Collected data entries
◇ ◇ ◇ ◇ ◇

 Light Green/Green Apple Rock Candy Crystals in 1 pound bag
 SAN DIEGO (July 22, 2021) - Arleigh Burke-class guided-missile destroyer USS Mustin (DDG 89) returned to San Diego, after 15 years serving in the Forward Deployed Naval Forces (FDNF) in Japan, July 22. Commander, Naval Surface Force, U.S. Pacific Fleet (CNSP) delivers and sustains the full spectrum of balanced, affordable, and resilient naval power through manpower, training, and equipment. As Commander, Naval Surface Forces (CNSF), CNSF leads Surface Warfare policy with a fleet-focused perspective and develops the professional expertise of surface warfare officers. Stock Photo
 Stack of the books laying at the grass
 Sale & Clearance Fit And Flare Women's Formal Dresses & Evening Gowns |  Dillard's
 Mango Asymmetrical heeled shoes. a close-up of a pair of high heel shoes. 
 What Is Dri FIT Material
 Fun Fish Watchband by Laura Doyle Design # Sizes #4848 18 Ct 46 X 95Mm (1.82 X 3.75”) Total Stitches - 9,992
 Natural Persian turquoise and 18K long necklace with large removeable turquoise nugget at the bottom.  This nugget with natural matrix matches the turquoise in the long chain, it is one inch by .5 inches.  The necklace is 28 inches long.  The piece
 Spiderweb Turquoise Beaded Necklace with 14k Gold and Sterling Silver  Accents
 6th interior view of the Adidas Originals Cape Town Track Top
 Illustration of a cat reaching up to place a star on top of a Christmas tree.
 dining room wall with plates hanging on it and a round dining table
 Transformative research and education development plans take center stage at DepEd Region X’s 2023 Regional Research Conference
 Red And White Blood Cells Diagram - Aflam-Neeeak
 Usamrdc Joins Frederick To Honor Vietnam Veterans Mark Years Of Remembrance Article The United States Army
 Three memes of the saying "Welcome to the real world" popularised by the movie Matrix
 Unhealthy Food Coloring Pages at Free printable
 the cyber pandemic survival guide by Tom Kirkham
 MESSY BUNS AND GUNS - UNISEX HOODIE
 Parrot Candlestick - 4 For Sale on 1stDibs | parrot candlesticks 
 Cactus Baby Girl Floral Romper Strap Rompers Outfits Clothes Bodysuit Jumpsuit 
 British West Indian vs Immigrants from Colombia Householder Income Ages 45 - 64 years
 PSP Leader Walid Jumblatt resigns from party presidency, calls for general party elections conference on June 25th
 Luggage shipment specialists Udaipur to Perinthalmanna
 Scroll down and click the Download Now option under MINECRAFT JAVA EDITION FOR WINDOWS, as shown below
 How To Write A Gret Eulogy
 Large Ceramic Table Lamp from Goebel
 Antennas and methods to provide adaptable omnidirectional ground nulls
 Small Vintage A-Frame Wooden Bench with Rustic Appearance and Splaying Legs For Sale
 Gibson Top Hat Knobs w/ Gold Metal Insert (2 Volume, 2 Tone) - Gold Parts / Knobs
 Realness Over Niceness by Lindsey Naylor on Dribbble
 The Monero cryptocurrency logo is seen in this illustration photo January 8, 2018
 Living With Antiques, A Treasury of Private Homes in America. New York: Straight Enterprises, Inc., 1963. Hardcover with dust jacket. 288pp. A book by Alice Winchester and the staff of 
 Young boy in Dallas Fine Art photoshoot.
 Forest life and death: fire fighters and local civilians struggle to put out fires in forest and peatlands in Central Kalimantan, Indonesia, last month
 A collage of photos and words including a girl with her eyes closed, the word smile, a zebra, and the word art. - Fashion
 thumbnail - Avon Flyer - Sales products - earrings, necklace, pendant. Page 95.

◇ ◇ ◇ ◇ ◇

Return what is listed above, exactly and completely.

_TASK RESPONSE:_
 Light Green/Green Apple Rock Candy Crystals in 1 pound bag
 SAN DIEGO (July 22, 2021) - Arleigh Burke-class guided-missile destroyer USS Mustin (DDG 89) returned to San Diego, after 15 years serving in the Forward Deployed Naval Forces (FDNF) in Japan, July 22. Commander, Naval Surface Force, U.S. Pacific Fleet (CNSP) delivers and sustains the full spectrum of balanced, affordable, and resilient naval power through manpower, training, and equipment. As Commander, Naval Surface Forces (CNSF), CNSF leads Surface Warfare policy with a fleet-focused perspective and develops the professional expertise of surface warfare officers. Stock Photo
 Stack of the books laying at the grass
 Sale & Clearance Fit And Flare Women's Formal Dresses & Evening Gowns |  Dillard's
 Mango Asymmetrical heeled shoes. a close-up of a pair of high heel shoes. 
 What Is Dri FIT Material
 Fun Fish Watchband by Laura Doyle Design # Sizes #4848 18 Ct 46 X 95Mm (1.82 X 3.75”) Total Stitches - 9,992
 Natural Persian turquoise and 18K long necklace with large removeable turquoise nugget at the bottom.  This nugget with natural matrix matches the turquoise in the long chain, it is one inch by .5 inches.  The necklace is 28 inches long.  The piece
 Spiderweb Turquoise Beaded Necklace with 14k Gold and Sterling Silver  Accents
 6th interior view of the Adidas Originals Cape Town Track Top
 Illustration of a cat reaching up to place a star on top of a Christmas tree.
 dining room wall with plates hanging on it and a round dining table
 Transformative research and education development plans take center stage at DepEd Region X’s 2023 Regional Research Conference
 Red And White Blood Cells Diagram - Aflam-Neeeak
 Usamrdc Joins Frederick To Honor Vietnam Veterans Mark Years Of Remembrance Article The United States Army
 Three memes of the saying "Welcome to the real world" popularised by the movie Matrix
 Unhealthy Food Coloring Pages at Free printable
 the cyber pandemic survival guide by Tom Kirkham
 MESSY BUNS AND GUNS - UNISEX HOODIE
 Parrot Candlestick - 4 For Sale on 1stDibs | parrot candlesticks 
 Cactus Baby Girl Floral Romper Strap Rompers Outfits Clothes Bodysuit Jumpsuit 
 British West Indian vs Immigrants from Colombia Householder Income Ages 45 - 64 years
 PSP Leader Walid Jumblatt resigns from party presidency, calls for general party elections conference on June 25th
 Luggage shipment specialists Udaipur to Perinthalmanna
 Scroll down and click the Download Now option under MINECRAFT JAVA EDITION FOR WINDOWS, as shown below
 How To Write A Gret Eulogy
 Large Ceramic Table Lamp from Goebel
 Antennas and methods to provide adaptable omnidirectional ground nulls
 Small Vintage A-Frame Wooden Bench with Rustic Appearance and Splaying Legs For Sale
 Gibson Top Hat Knobs w/ Gold Metal Insert (2 Volume, 2 Tone) - Gold Parts / Knobs
 Realness Over Niceness by Lindsey Naylor on Dribbble
 The Monero cryptocurrency logo is seen in this illustration photo January 8, 2018
 Living With Antiques, A Treasury of Private Homes in America. New York: Straight Enterprises, Inc., 1963. Hardcover with dust jacket. 288pp. A book by Alice Winchester and the staff of 
 Young boy in Dallas Fine Art photoshoot.
 Forest life and death: fire fighters and local civilians struggle to put out fires in forest and peatlands in Central Kalimantan, Indonesia, last month
 A collage of photos and words including a girl with her eyes closed, the word smile, a zebra, and the word art. - Fashion
 thumbnail - Avon Flyer - Sales products - earrings, necklace, pendant. Page 95.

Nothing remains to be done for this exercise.